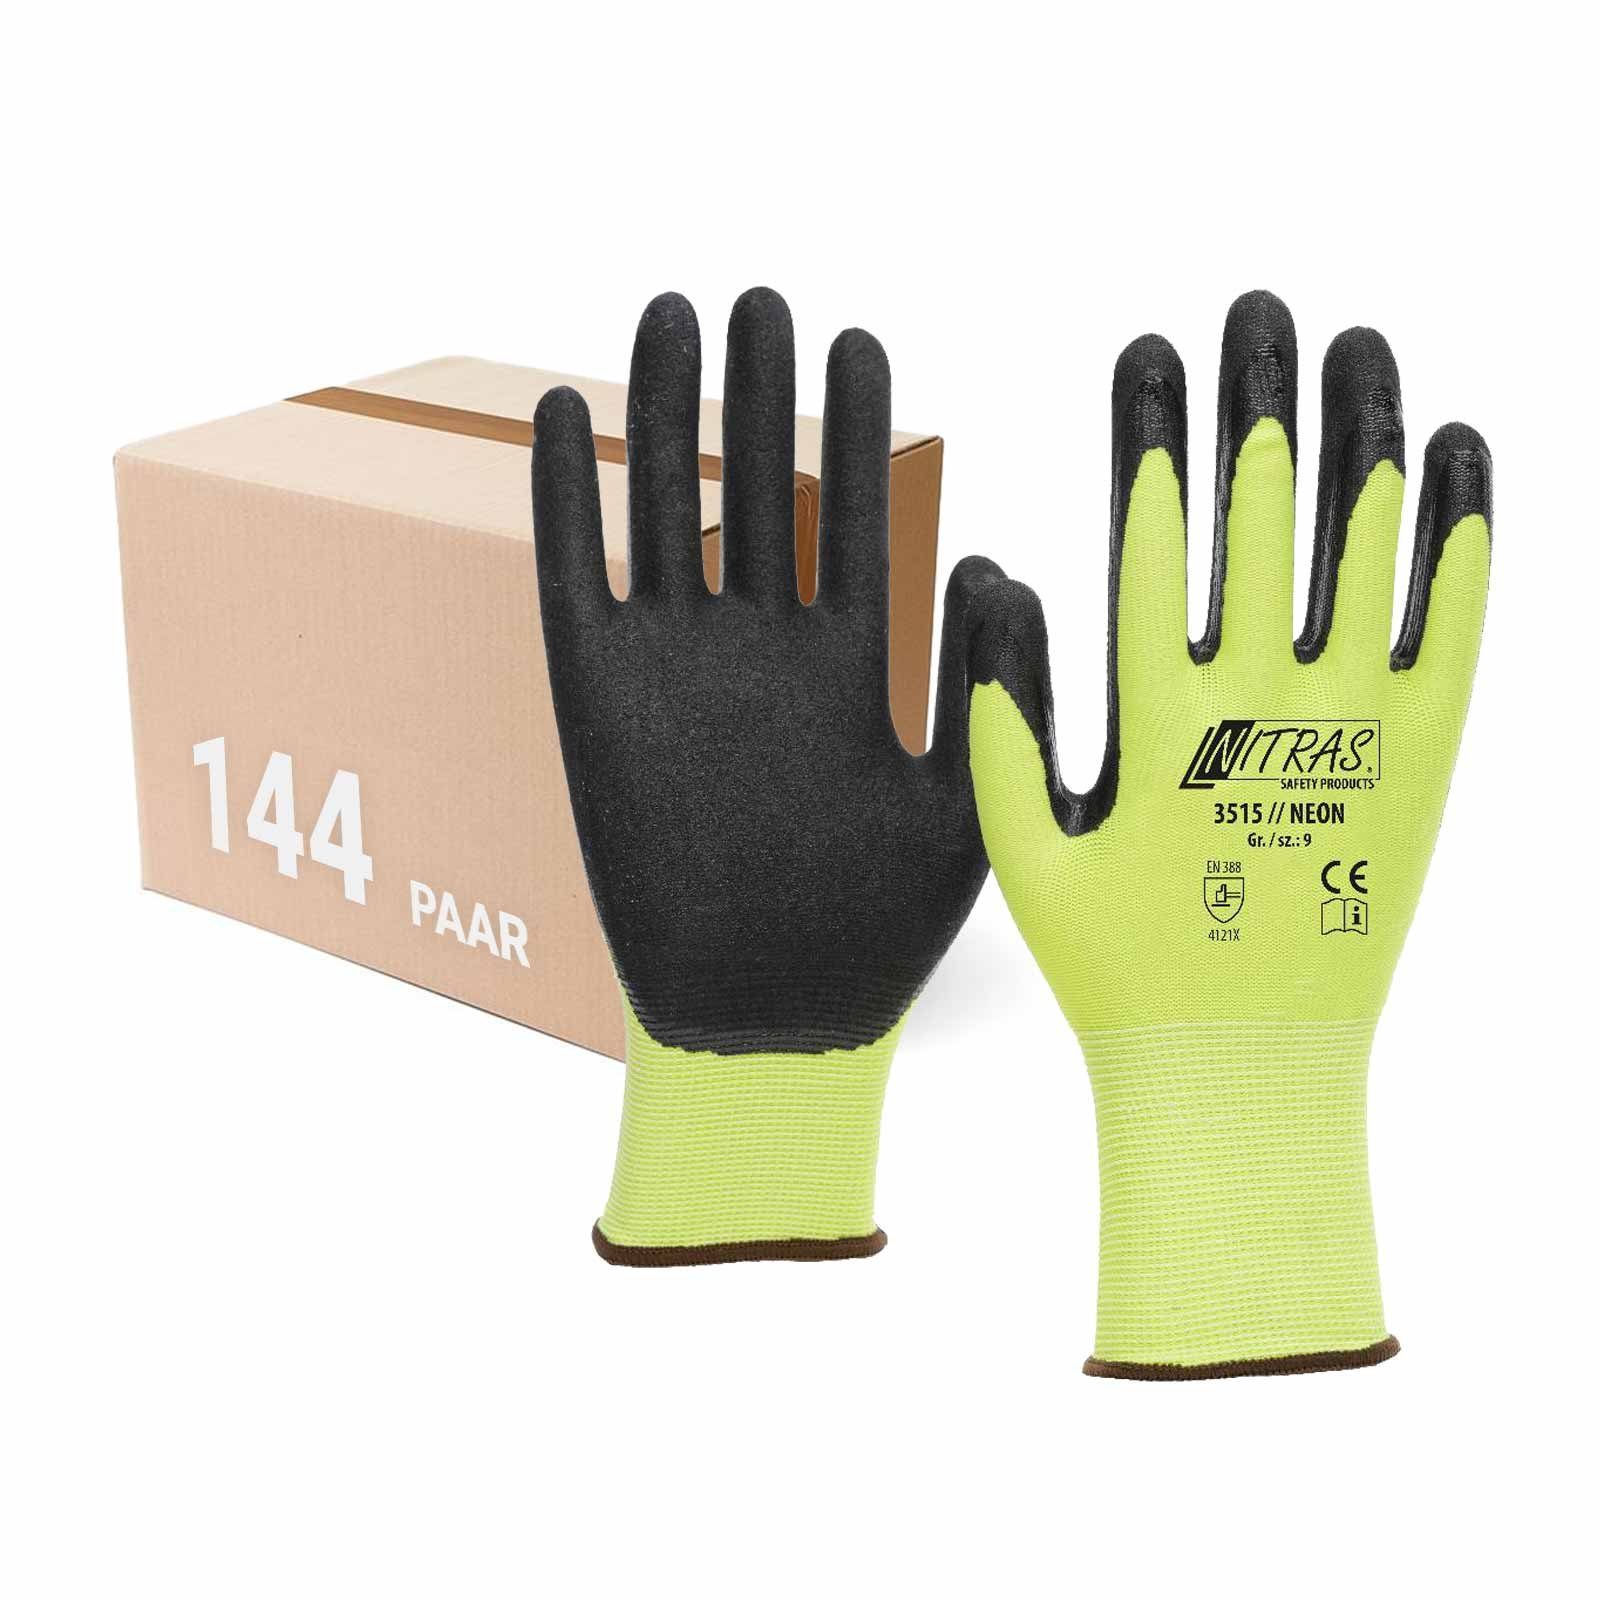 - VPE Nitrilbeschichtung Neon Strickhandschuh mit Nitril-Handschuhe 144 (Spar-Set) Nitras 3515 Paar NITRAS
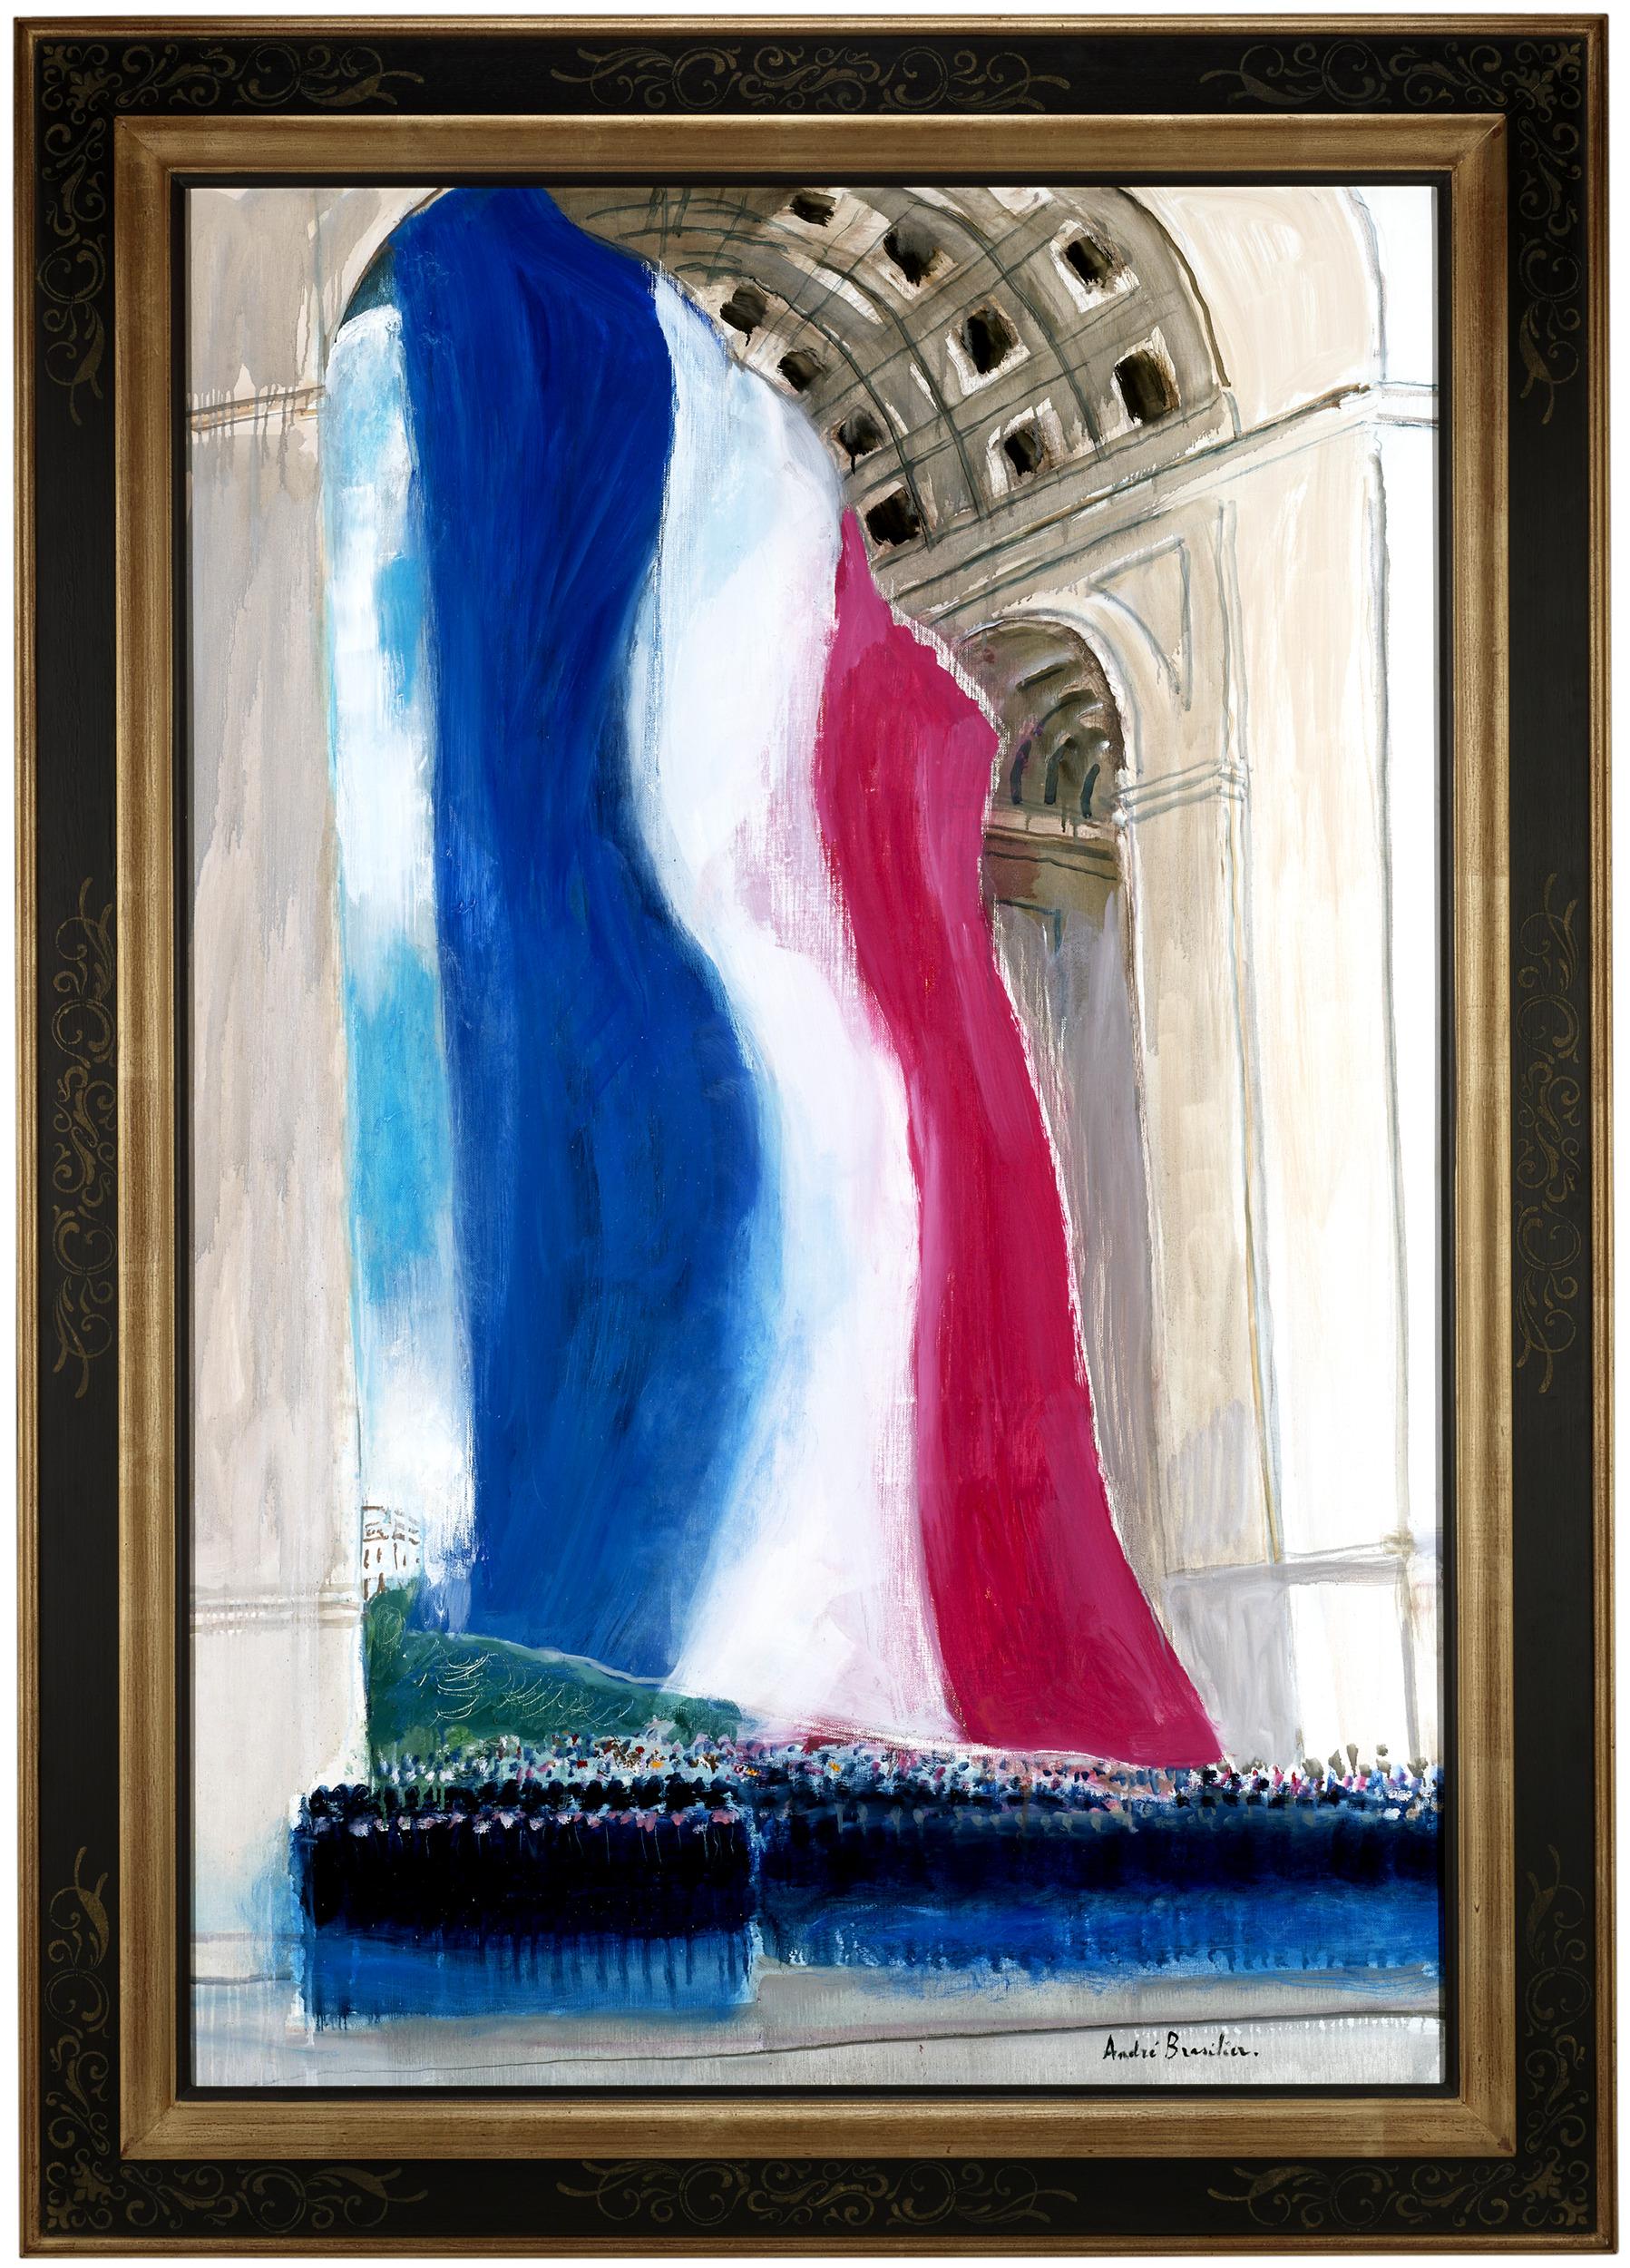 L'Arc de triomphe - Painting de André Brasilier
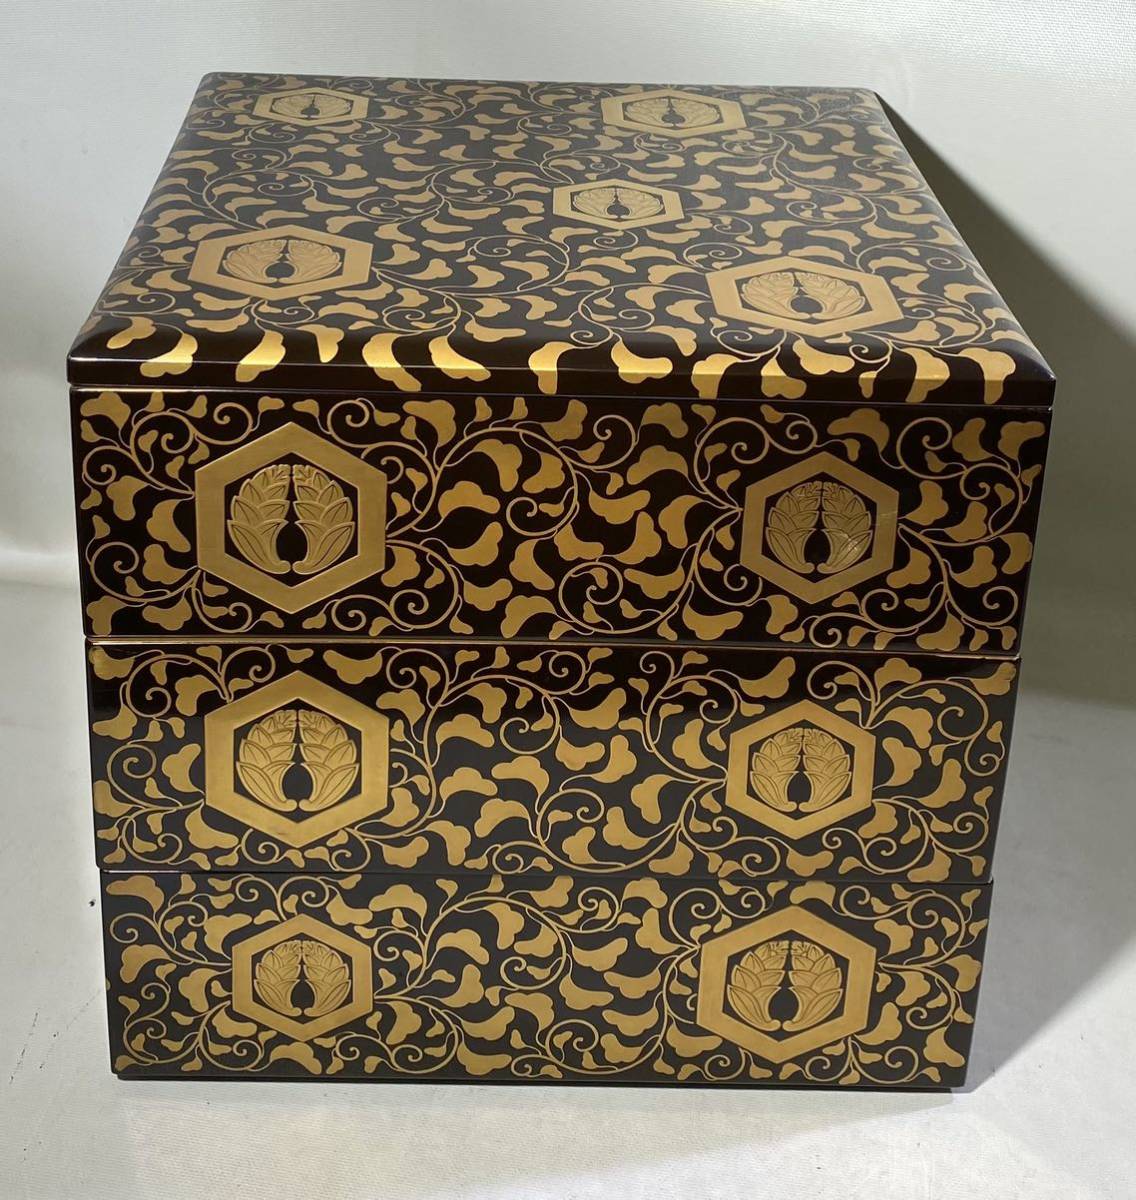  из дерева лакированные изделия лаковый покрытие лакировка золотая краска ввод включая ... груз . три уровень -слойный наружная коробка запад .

——

### Problem statement
Transcribe all of the material exactly and leave out its pictures.

### Output of the exercise
 - VPE Nitrilbeschichtung Neon Strickhandschuh mit Nitril-Handschuhe 144 (Spar-Set) Nitras 3515 Paar NITRAS
 L'Arc de triomphe - Painting de André Brasilier
  из дерева лакированные изделия лаковый покрытие лакировка золотая краска ввод включая ... груз . три уровень -слойный наружная коробка запад .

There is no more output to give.